* [Exercise description]: In the entries below, find the line with "Sommer 2015 Theresa" and the line with "共管式独立产权公寓 为 出租"; give again those lines and every line between them, exactly.

* [Given entries]:
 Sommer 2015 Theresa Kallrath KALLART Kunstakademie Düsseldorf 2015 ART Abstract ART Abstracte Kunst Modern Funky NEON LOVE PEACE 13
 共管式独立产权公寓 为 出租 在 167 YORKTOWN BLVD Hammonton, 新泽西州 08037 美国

--

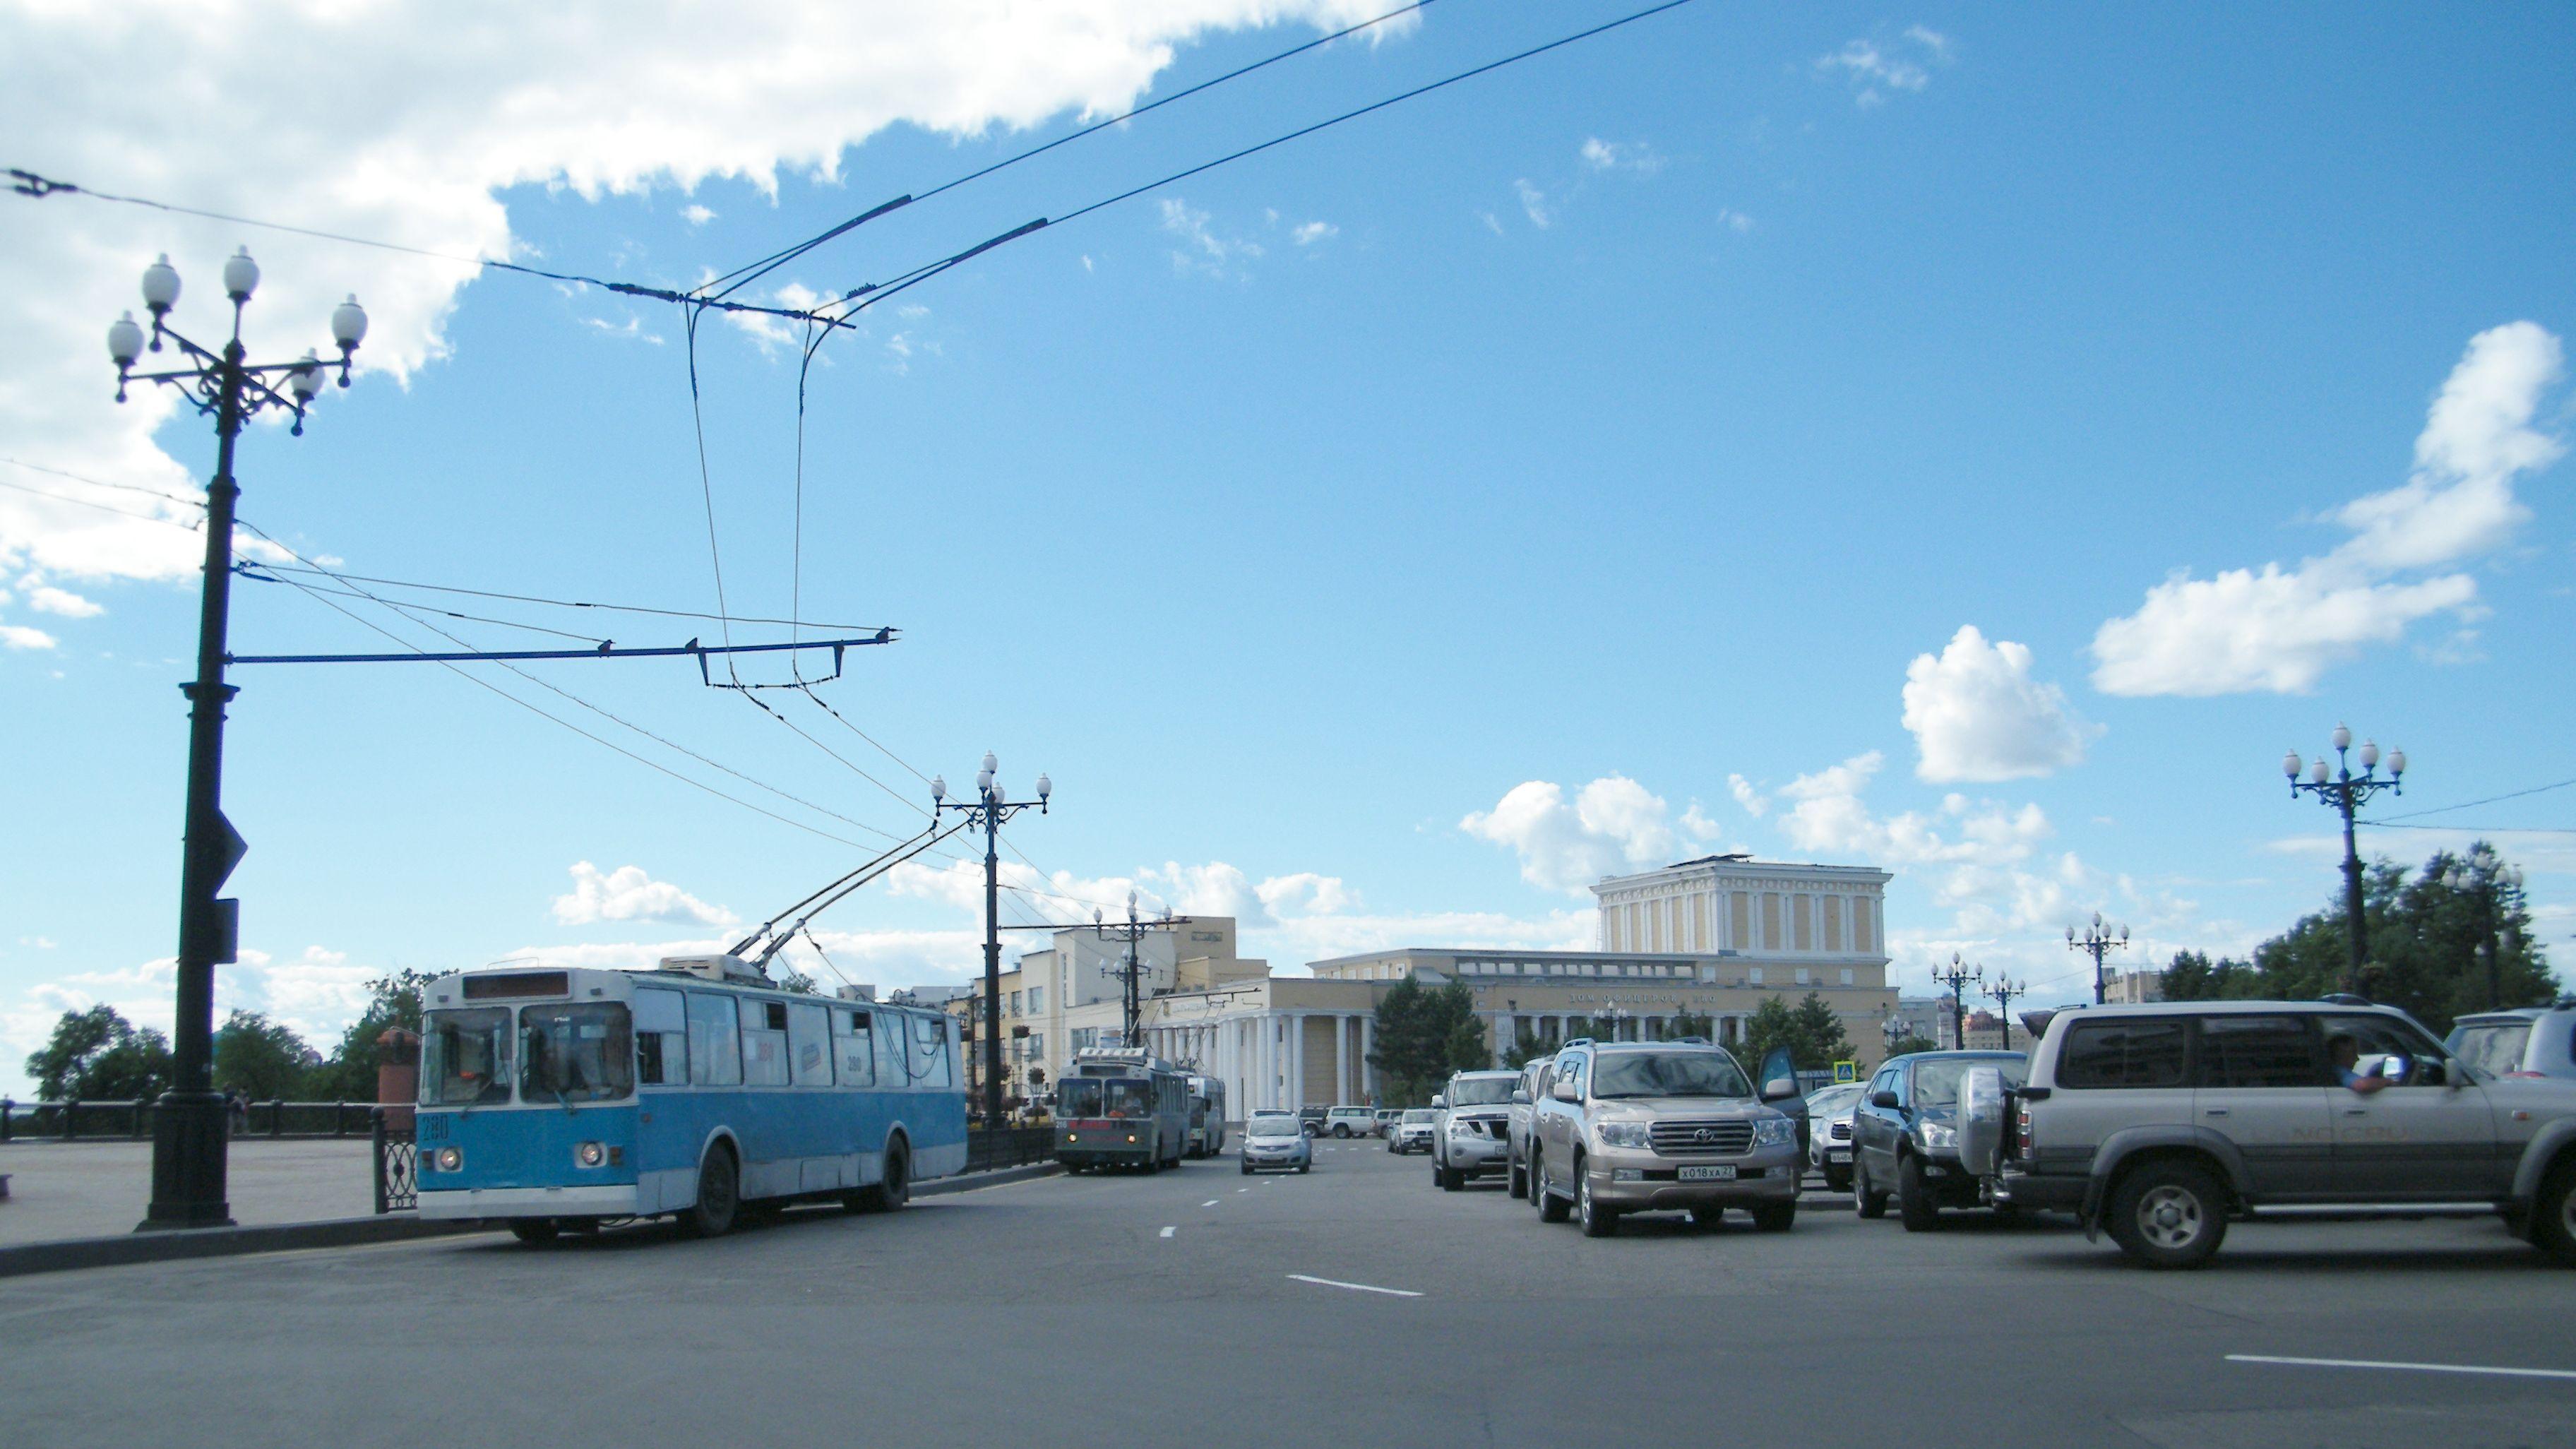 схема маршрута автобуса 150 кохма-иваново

--

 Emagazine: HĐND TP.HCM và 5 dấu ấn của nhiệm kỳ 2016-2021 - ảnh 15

* [Exercise response]:
 Sommer 2015 Theresa Kallrath KALLART Kunstakademie Düsseldorf 2015 ART Abstract ART Abstracte Kunst Modern Funky NEON LOVE PEACE 13
 共管式独立产权公寓 为 出租 在 167 YORKTOWN BLVD Hammonton, 新泽西州 08037 美国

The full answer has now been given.